HCI or Not? Understand the Datrium solution in a 3 minutes read

As a newer market player that implements a game-changing architecture that accelerates applications, simplifies infrastructure management, and combine data protection in a single solution I am frequently asked what precisely Datrium does, and if Datrium is HCI or not.

Is Datrium HCI or Not? A duality dilemma.

If you view HCI as being the physical bundling of computing and storage, and sometimes networking (NFV) in a single box, maybe it’s not. However, if you consider HCI as the seamless and delightful user experience to operate data centers that enact similarities with public clouds such as pay-as-you-go and simplicity, then yes.

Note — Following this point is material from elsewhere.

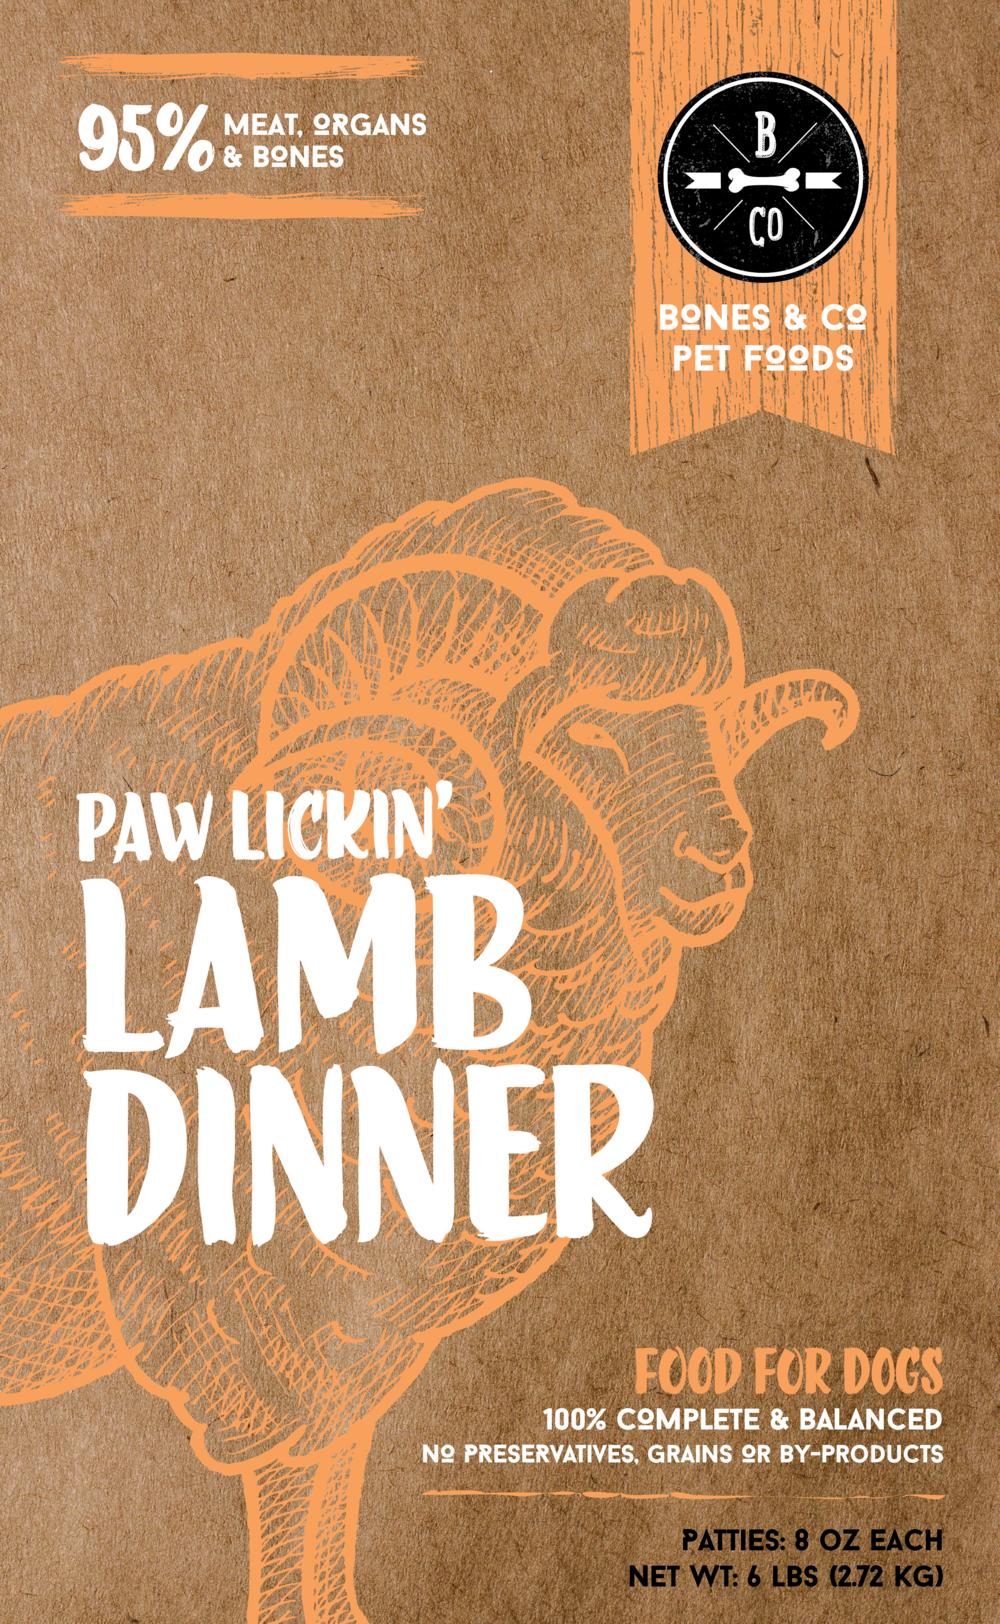 Bones & Co Paw Lickin' Lamb Dinner 8oz Patties Frozen Dog Food, 6-lb

The reality is that Gartner integrated systems Magic Quadrant doesn’t exist anymore and they created a new one for HCI that encompasses all systems that behave like the public cloud. I am starting to use ‘Legacy HCI’ to designate the first HCI systems to hit the market and operate as a hardware building block, but are now seeing newcomers, not only Datrium, with modern architectures that provide comparable and better benefits.

This HCI or Convergence journey is only getting started, and we have entered the 2nd generation now. We call ourselves OCI (Open Convergence), but Gartner will still place us in the HCI bucket.

What does Datrium do?

The simplest way to describe the extensive range of services provided by the Datrium DVX is to follow the high-level architecture here.

1 – Datrium is a tier-1 AllFlash primary storage that leverages similar concepts of HCI, implementing flash close to the CPU bus and data locality, ensuring data used by an application is always located on the server where the app is running. Applications read and write IOs land on local flash, and all applications benefit from enterprise data services such as inline deduplication, compression, erasure coding, encryption, replication, and snapshots. This storage tier shoulders up to 18 Million IOPS (4kb) and 256 GB/s random-write throughput, scaling from 1 all the way up to 128 hosts.

1 – This tier-1 AllFlash primary storage provides the proper namespace that works cross-platform, providing a single namespace to be used by VMware, KVM, bare-metal Containers and bare-metal applications.

2 – Datrium empowers organizations to leverage their existing investments as part of the solution, allowing for both new or existing servers, rack or blade. The only primary requirement is that the hypervisor of choice supports the server.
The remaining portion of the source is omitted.